As a general rule, US law does not apply outside the territorial jurisdiction of the United States. A recent decision by the Second Circuit Court of Appeals (Liu Meng-Lin v. Siemens AG) provides a helpful illustration. As a reminder, the Second Circuit Court of Appeals is a federal appellate court that decides appeals from Connecticut, New York, and Vermont district courts. The Second Circuit is particularly influential with respect to securities laws because it hears cases on appeal from New York, including the federal court in Manhattan.
After the 2008 financial crisis Congress passed a law called the Dodd-Frank Act. Among many other things, the Dodd-Frank Act provides protection for whistleblowers - - persons who report securities law violations by their companies. The Dodd-Frank Act prohibits companies from retaliating against employees who report certain types of violations of US law.
The plaintiff in this case sued his former employer, arguing that the company illegally fired him after he internally reported corrupt practices by the company. He complained that by firing him, the company violated the Dodd-Frank Act's protection for whistleblowers.

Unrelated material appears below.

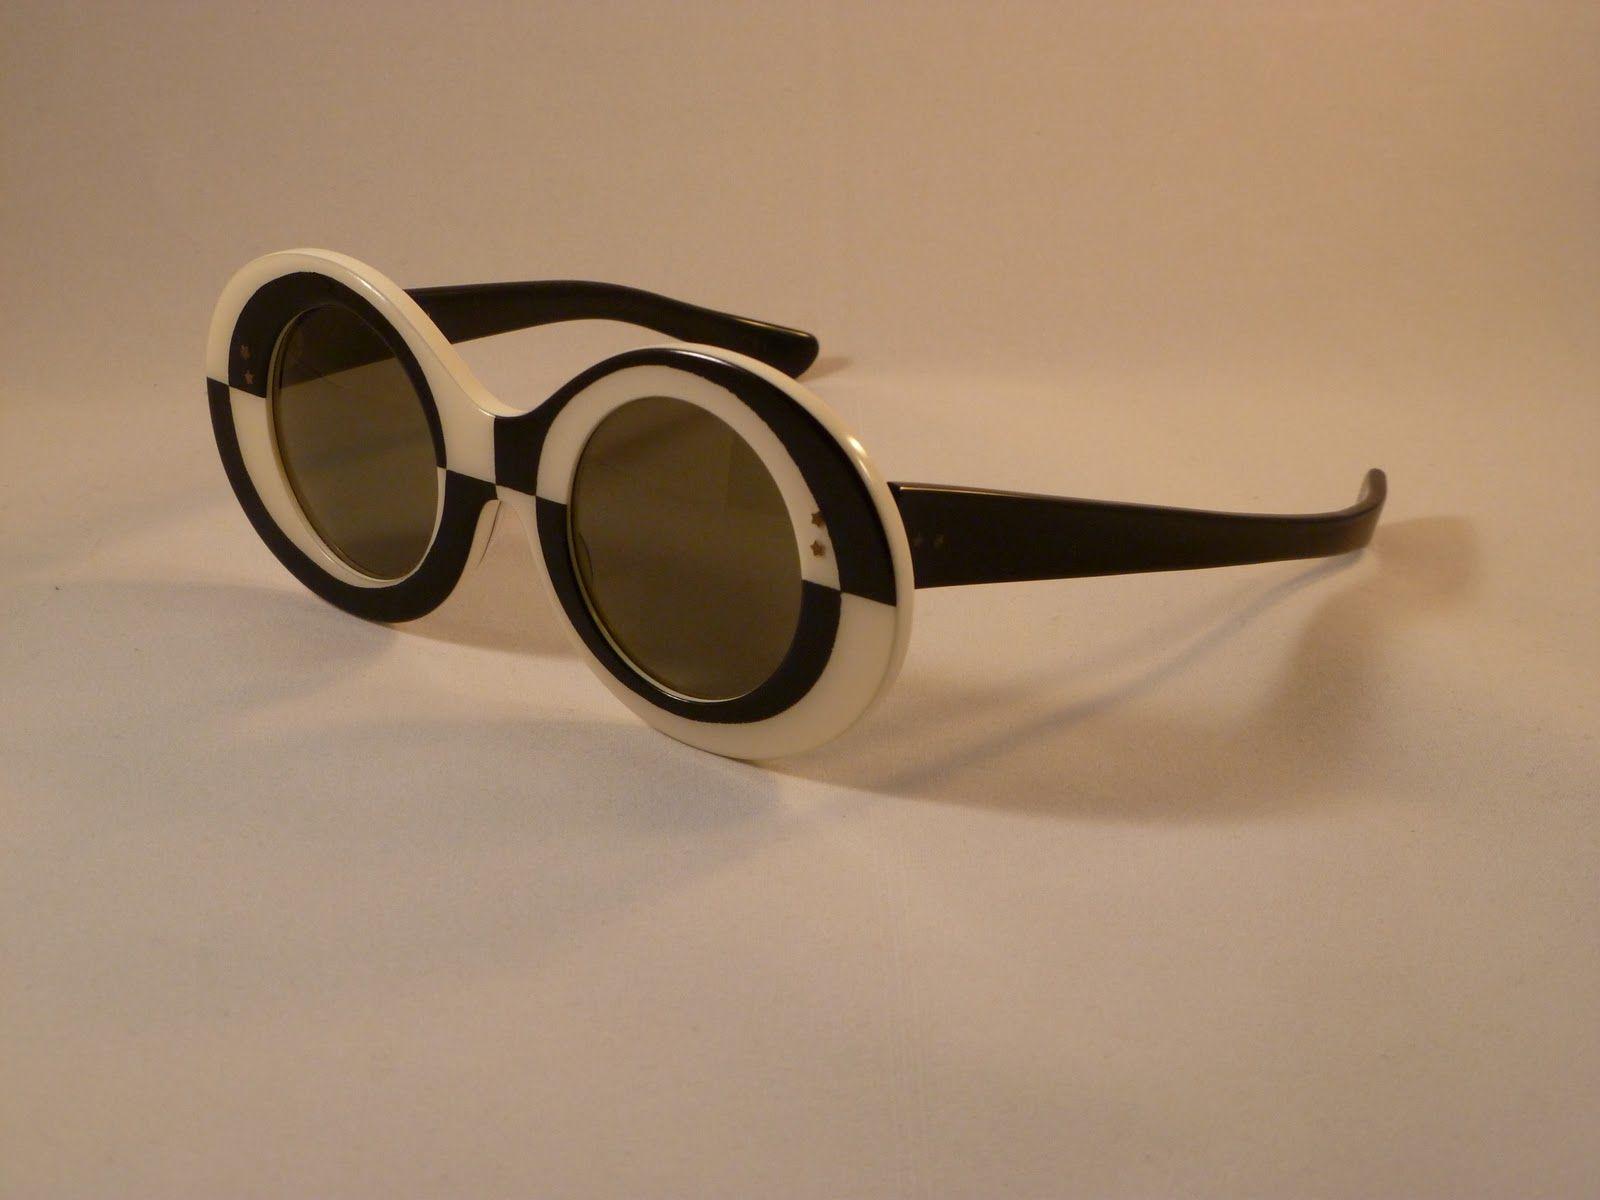 525891af02e0 moss lipow sunglasses - Google Search

But the district court dismissed his case and the Second Circuit affirmed the district court's decision. Why? The plaintiff was a foreigner (non-US citizen) working for a foreign company and all of the conduct at issue in the case occurred overseas. Specifically:
- The foreign company's allegedly corrupt activity occurred outside the United States (in North Korea and China).
- The plaintiff reported the activity overseas.

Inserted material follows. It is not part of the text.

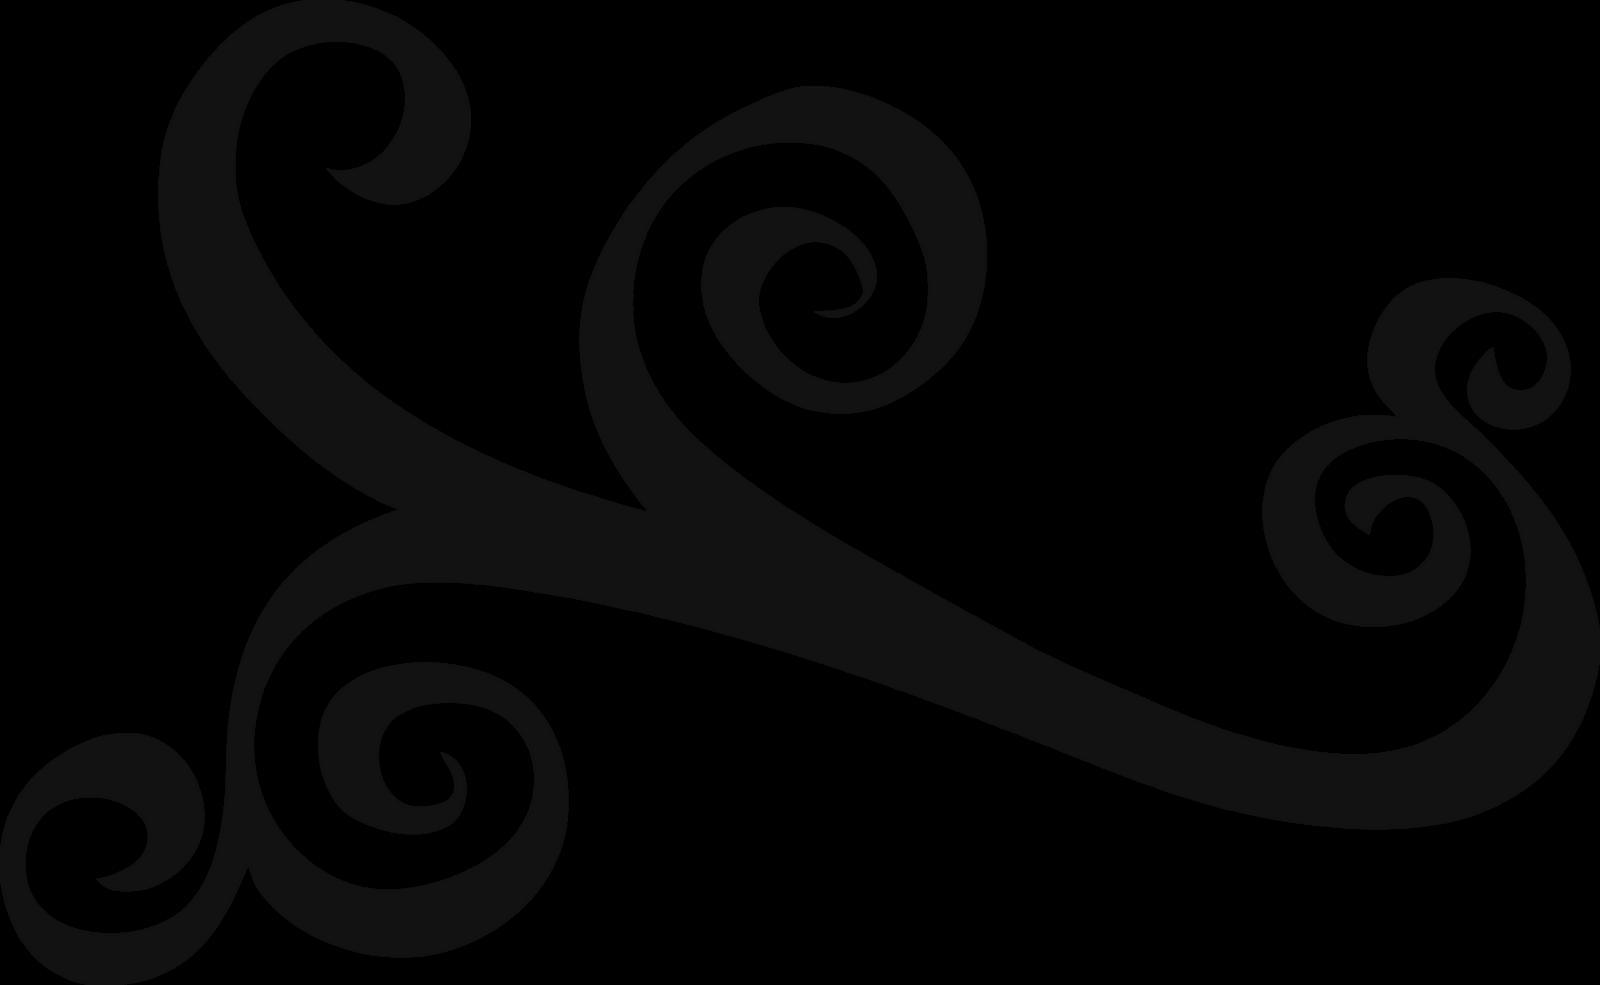 Simple Elegant Line Art : Swirly clip art cliparts

- The allegedly illegal retaliation occurred overseas.
According to the Second Circuit, the only connection to the United States was that the foreign company was listed on the New York Stock Exchange. The Second Circuit, citing recent Supreme Court decisions, explained that because Congress did not clearly intend whistleblower protection laws to apply extraterritorially, the plaintiff's case must be dismissed.